Start of Block

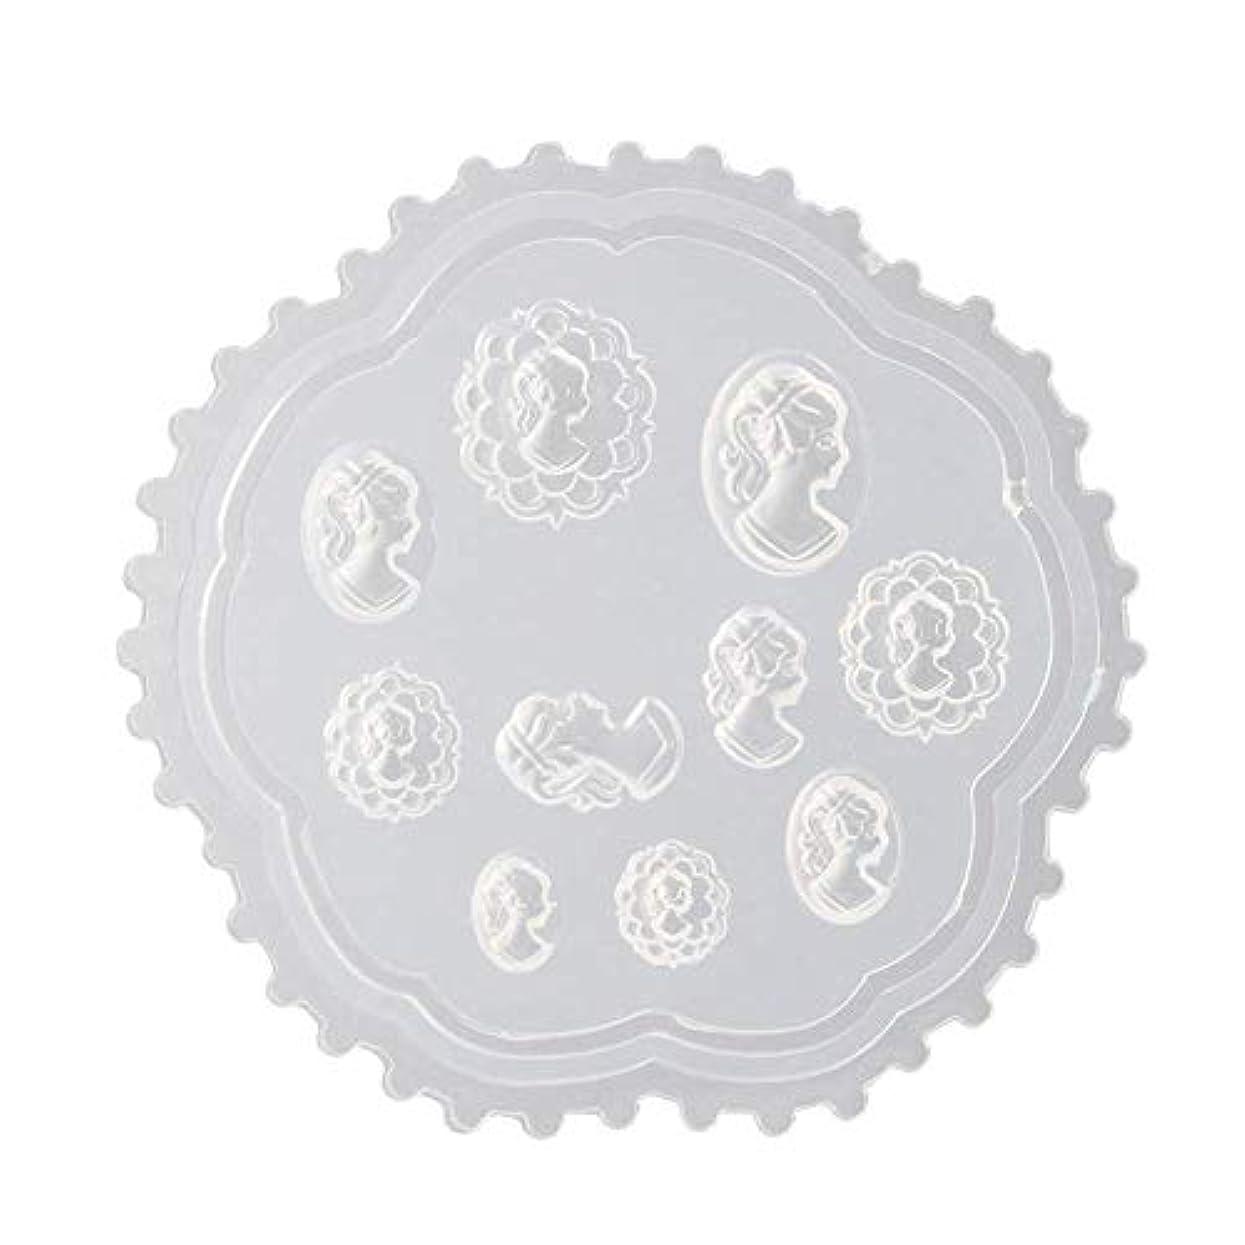 する必要がある追跡皮肉coraly 3Dシリコンモールド ネイル 葉 花 抜き型 3Dネイル用 レジンモールド UVレジン ネイルパーツ ジェル ネイル セット アクセサリー パーツ 作成 (2)
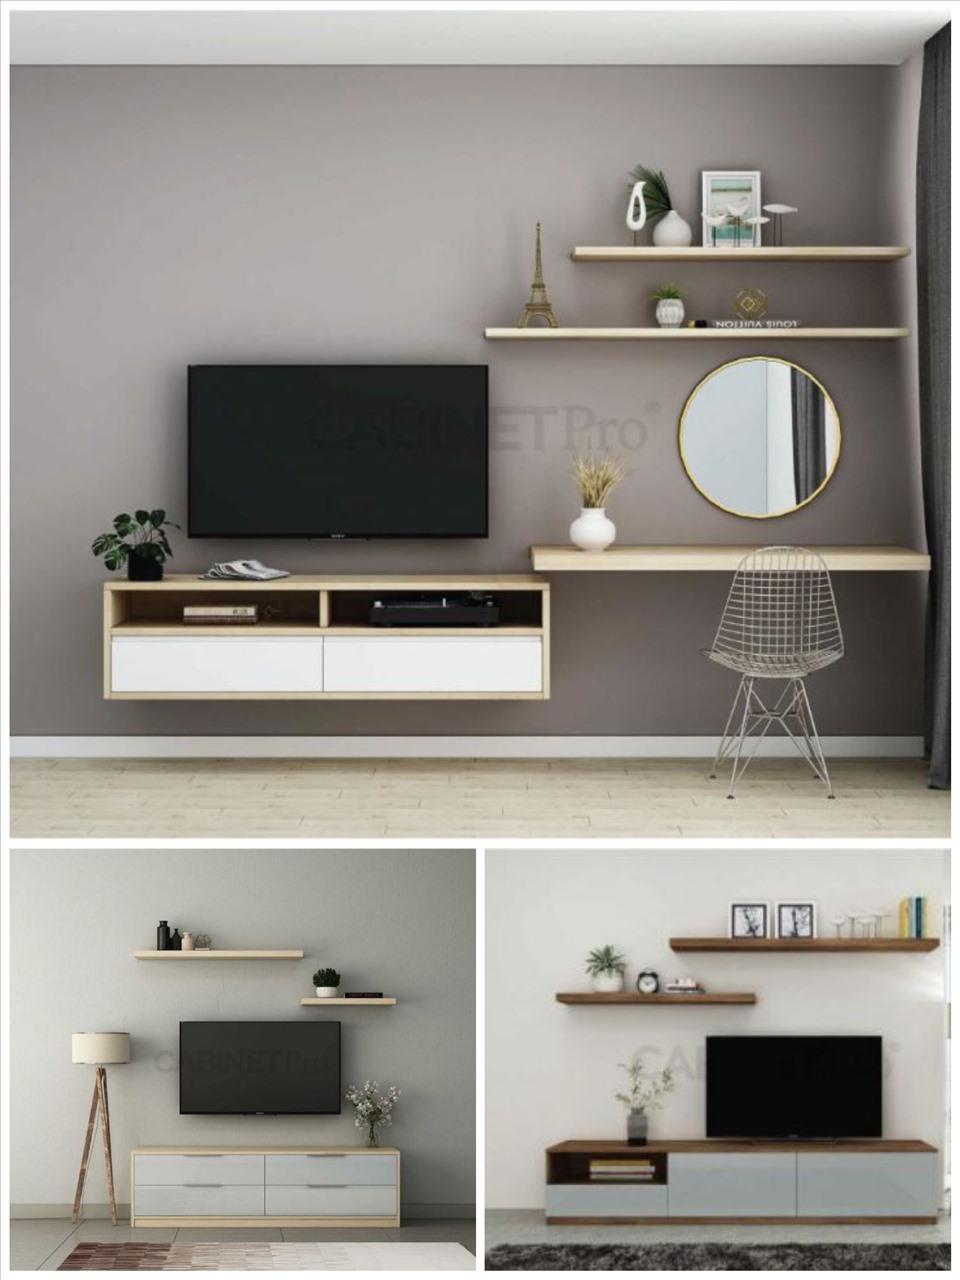 Những trang trí nhỏ tạo nên một không gian tối giản tinh tế.
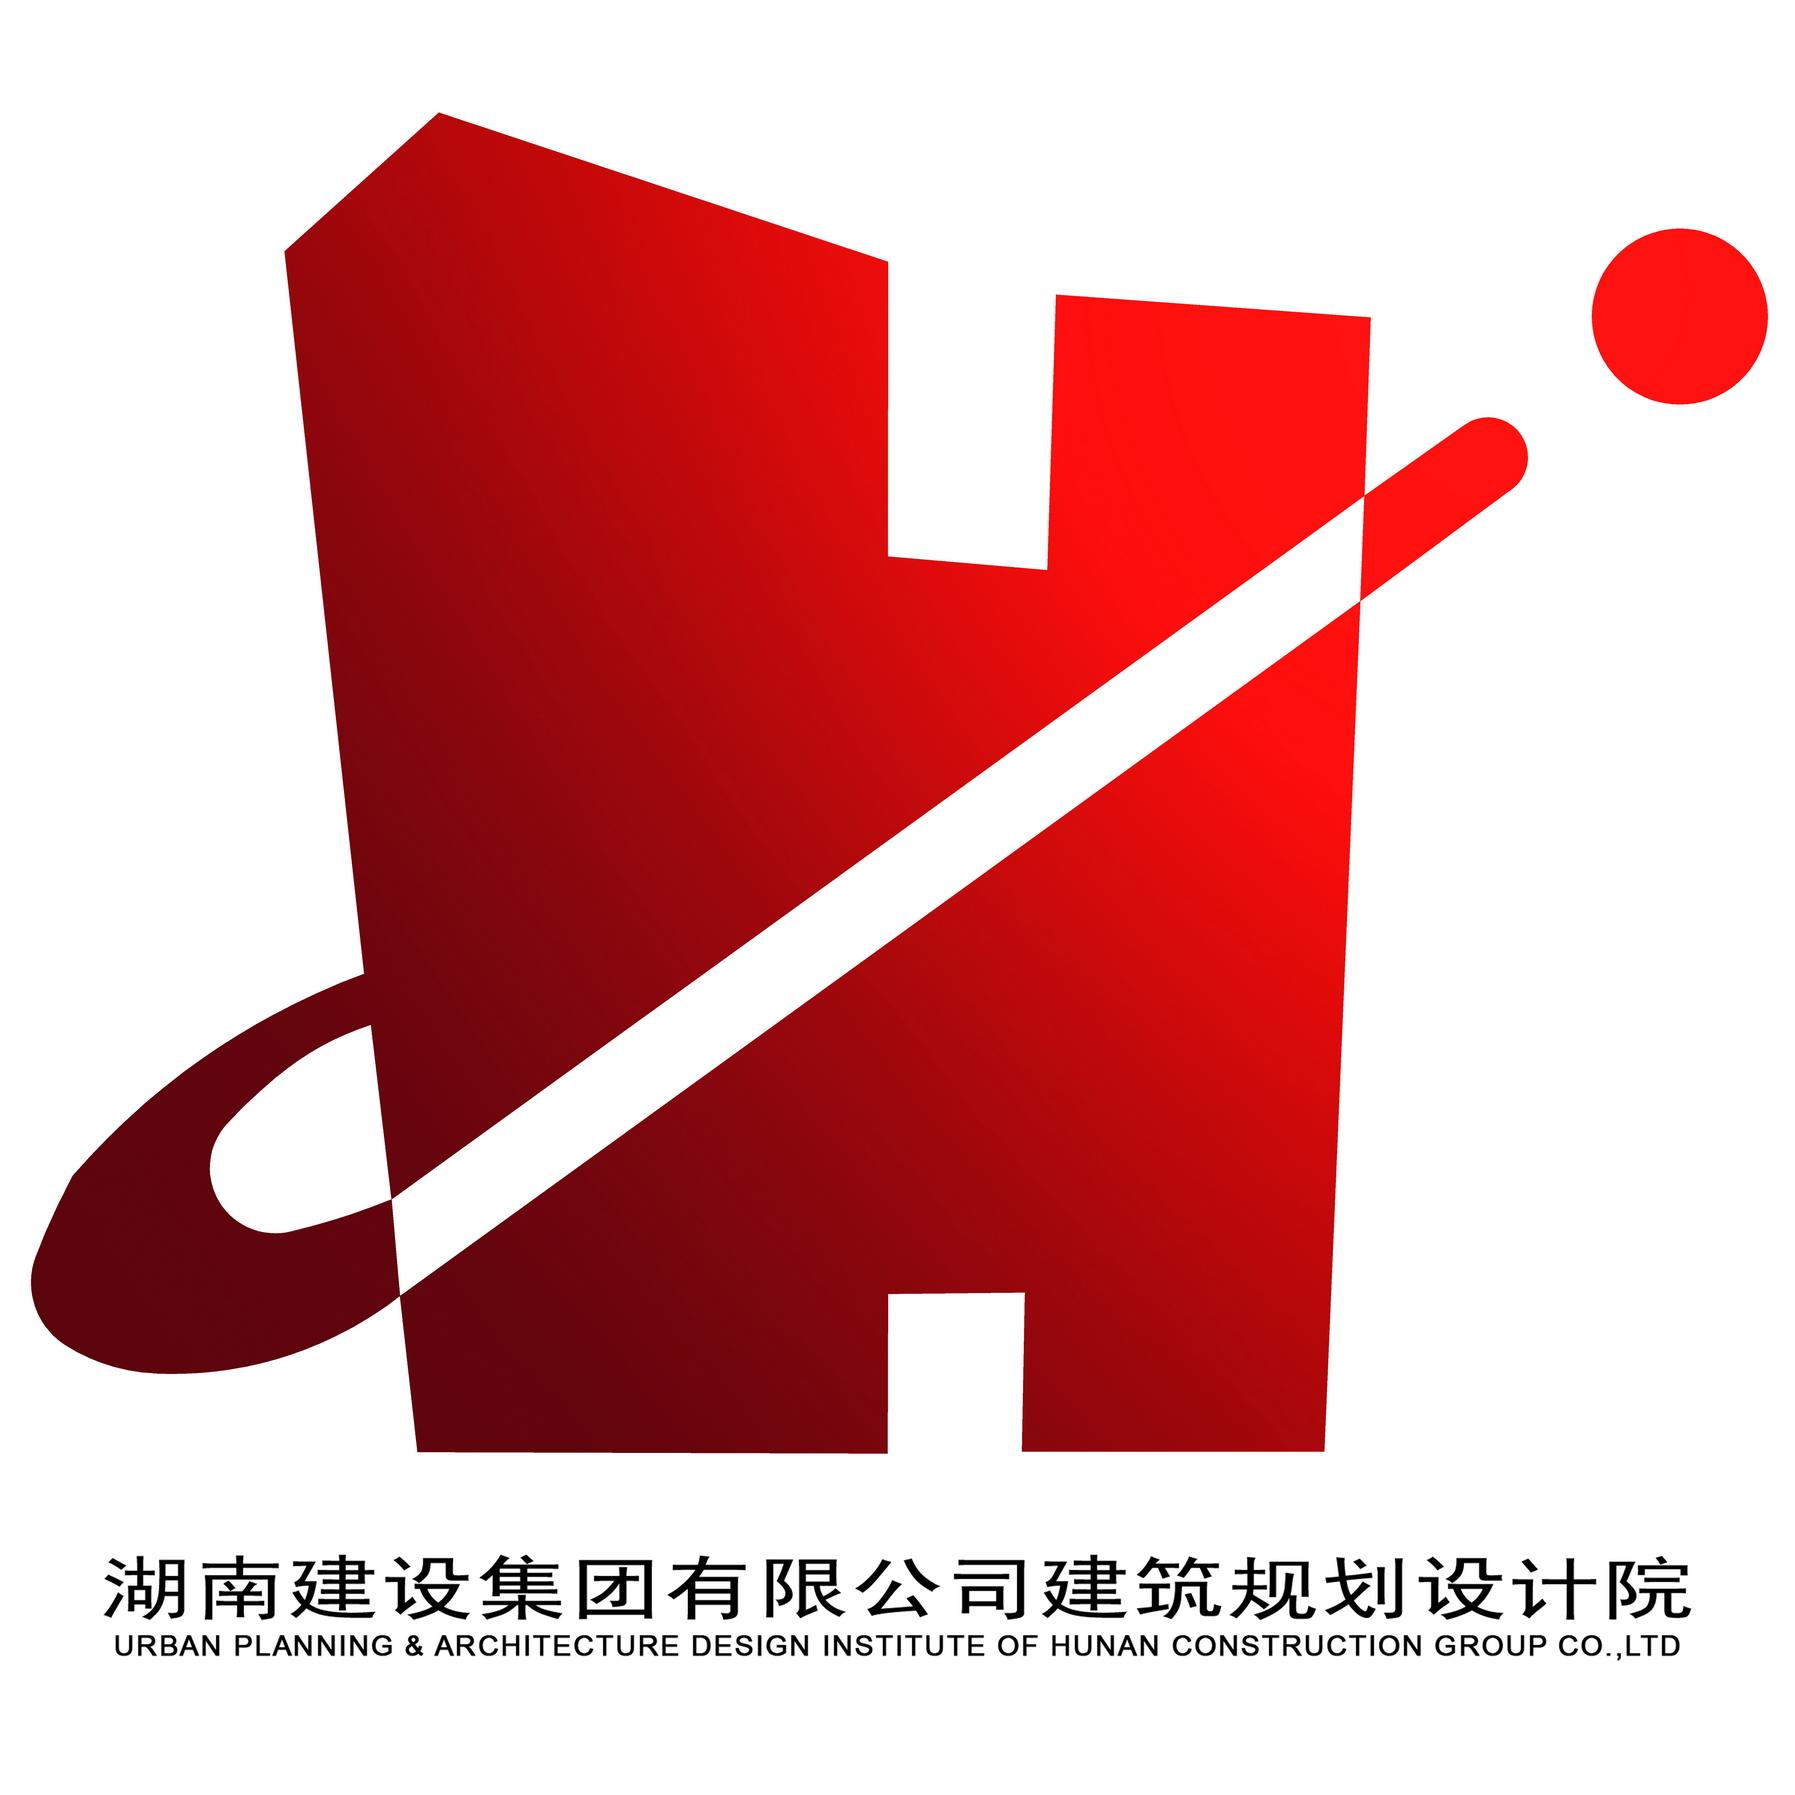 湖南建设集团有限公司建筑规划设计院

End of Block

● **What is being asked**: Retype all the data exactly. Omit pictures.

● **Completed exercise**:
 する必要がある追跡皮肉coraly 3Dシリコンモールド ネイル 葉 花 抜き型 3Dネイル用 レジンモールド UVレジン ネイルパーツ ジェル ネイル セット アクセサリー パーツ 作成 (2)
 Những trang trí nhỏ tạo nên một không gian tối giản tinh tế.
 湖南建设集团有限公司建筑规划设计院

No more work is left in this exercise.